The following Parser
will enable capture of the entire contents
of the string:
>>> prs_xyz = pent.Parser(
... head=("#!..i", "~!"),
... body="&!. #!+.d",
... )
The atomic symbols and coordinates are most easily retrieved
with capture_body()
:
>>> data_atoms = prs_xyz.capture_body(text_xyz)
>>> data_atoms
[[['C', '-3.081564', '2.283942', '0.044943'], ['Cl', '-1.303141', '2.255173', '0.064645'], ['Cl', '-3.706406', '3.411601', '-1.180577'], ['F', '-3.541771', '2.647036', '1.270358'], ['H', '-3.439068', '1.277858', '-0.199370']]]
The atom count and description can be retrieved with
capture_struct()
:
>>> data_struct = prs_xyz.capture_struct(text_xyz)
>>> data_struct[pent.ParserField.Head][0]
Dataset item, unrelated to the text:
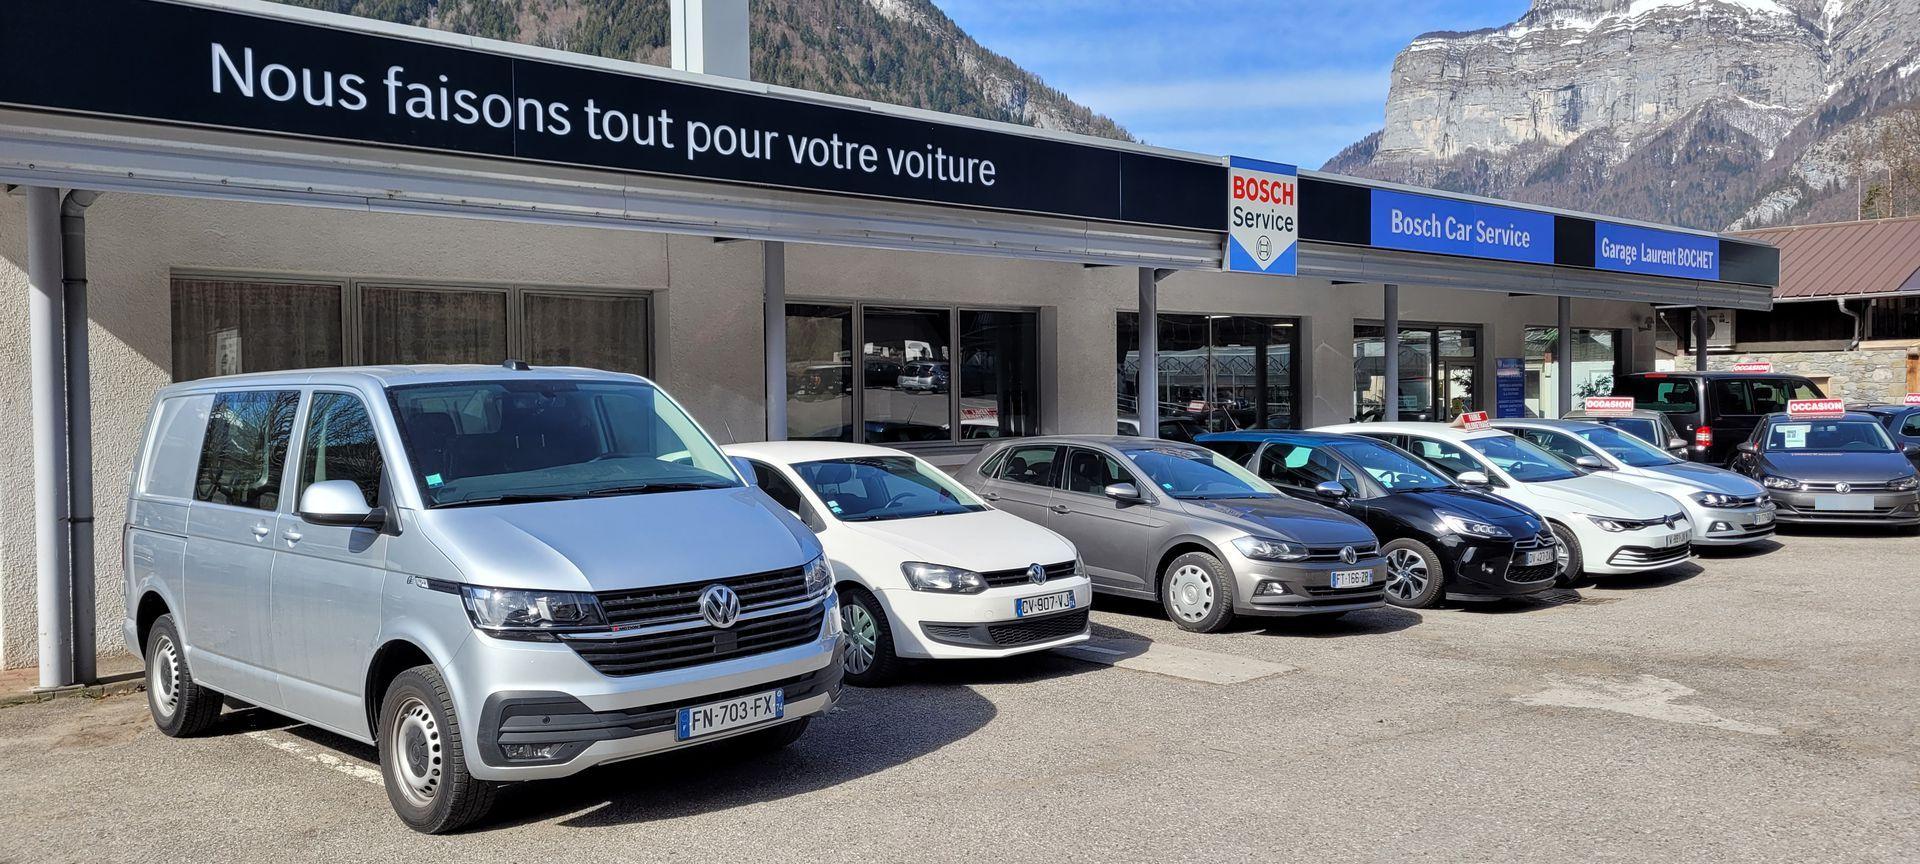 Garage laurent bochet spécialiste Volkswagen, Audi Skoda SEAT CUPRA

['5', 'Coordinates', 'from', 'MeCl2F_2']
Unlike in body, where two-dimensional structure is inferred in captured data,
in head and tail all captures are returned as elements of a single, flat list
.
Currently, it is not possible to avoid the splitting of all captured content at whitespace, even it it was captured from a single ‘any’ or ‘literal’ token. #26 and/or #62 are planned and will provide mechanism(s) to change this behavior.
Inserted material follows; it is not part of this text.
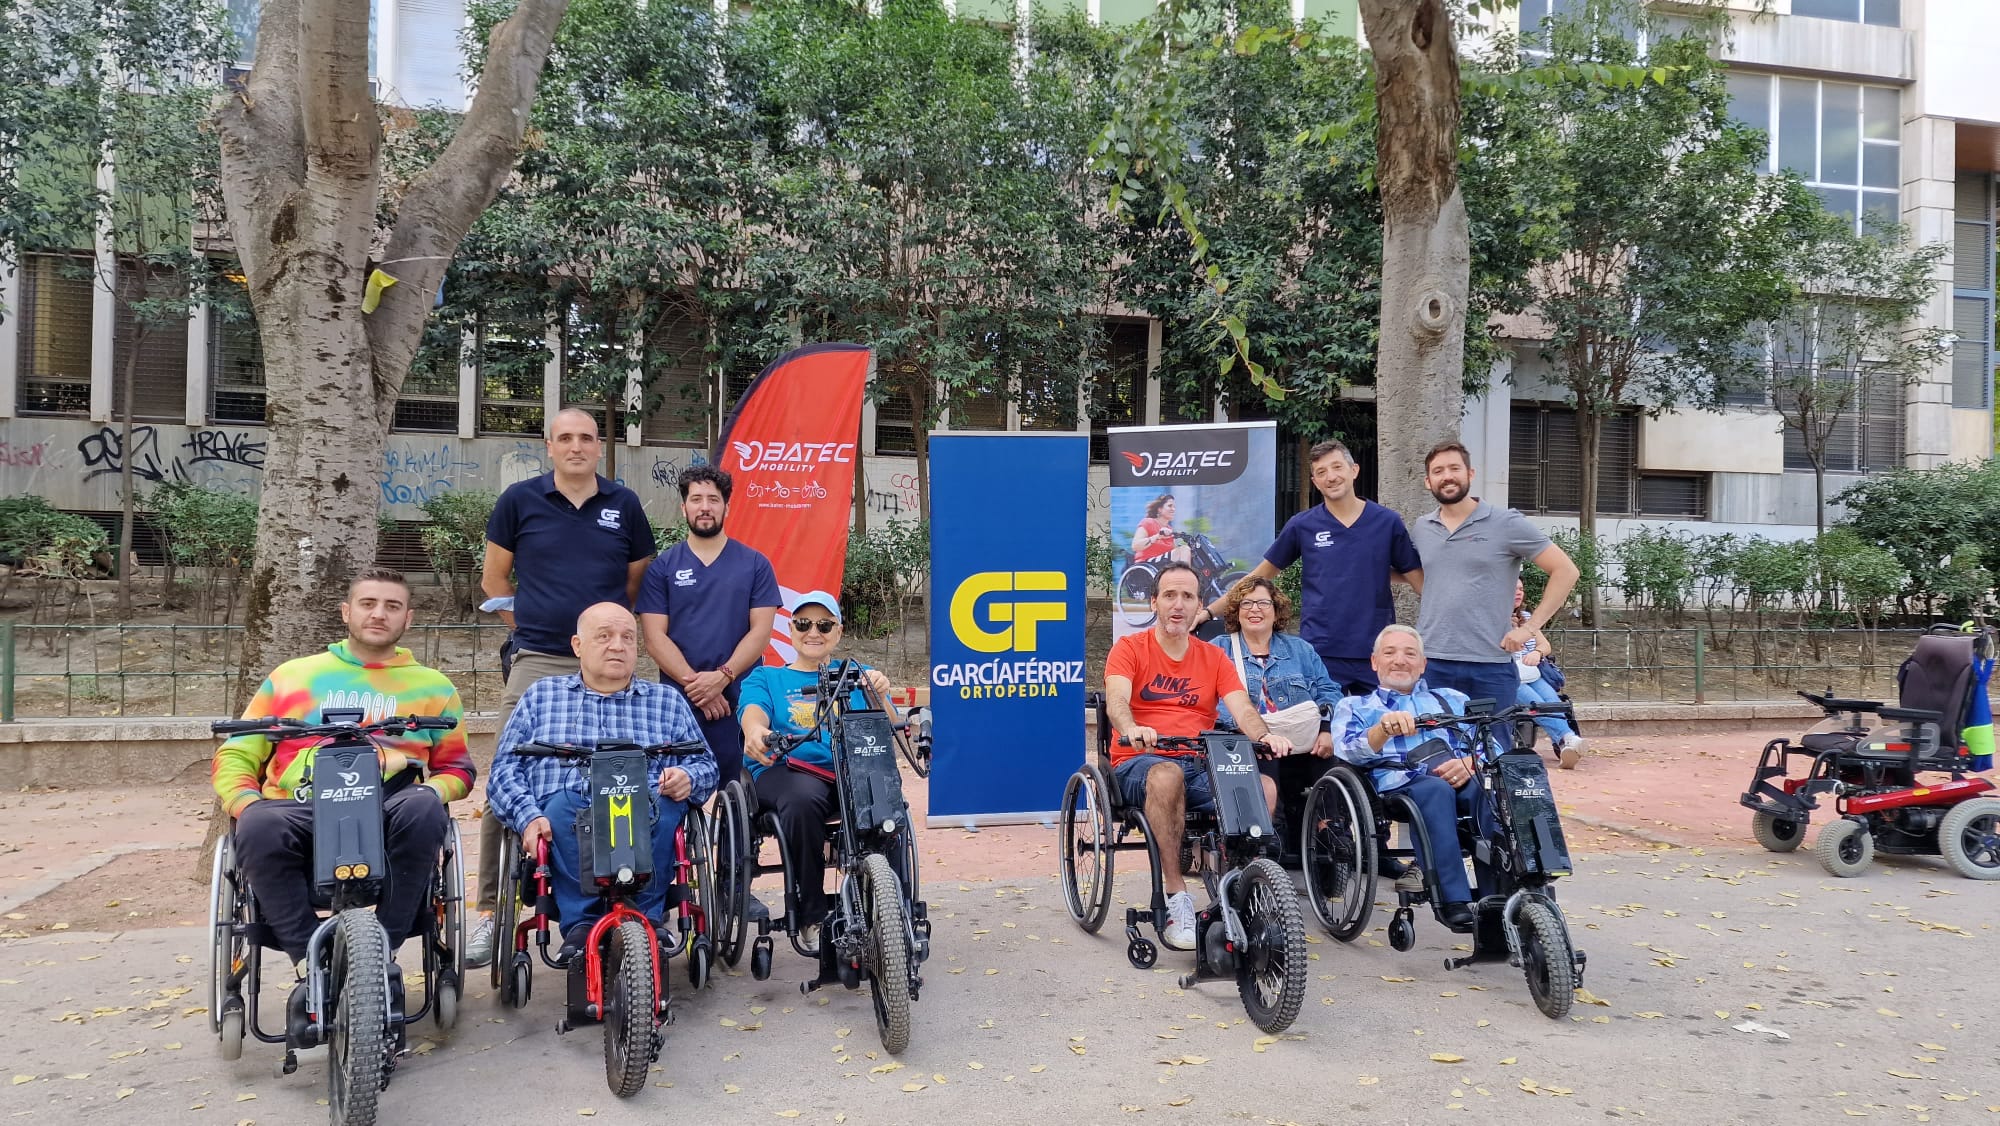 Ortopedia García Férriz servicio oficial Batec Mobility en Linares (Jaén)

As an aside, in this particular case the ‘misc’ token was not strictly necessary in the body, as the capturing ‘any’ token (~!) would also have worked:
>>> prs_any = pent.Parser(
... head=("#.+i", "~"),
... body="~! #!+.d",
... )
>>> prs_any.capture_body(text_xyz)
[[['C', '-3.081564', '2.283942', '0.044943'], ['Cl', '-1.303141', '2.255173', '0.064645'], ['Cl', '-3.706406', '3.411601', '-1.180577'], ['F', '-3.541771', '2.647036', '1.270358'], ['H', '-3.439068', '1.277858', '-0.199370']]]
However, there are situations where the ability
of the ‘misc’ token to match
only a single, arbitrary piece of whitespace-delimited
content is useful in order to narrow the specificity of
the Parser
match.
Another example of the use of the ‘misc’ token is given at *Post-Processing of Captured Data.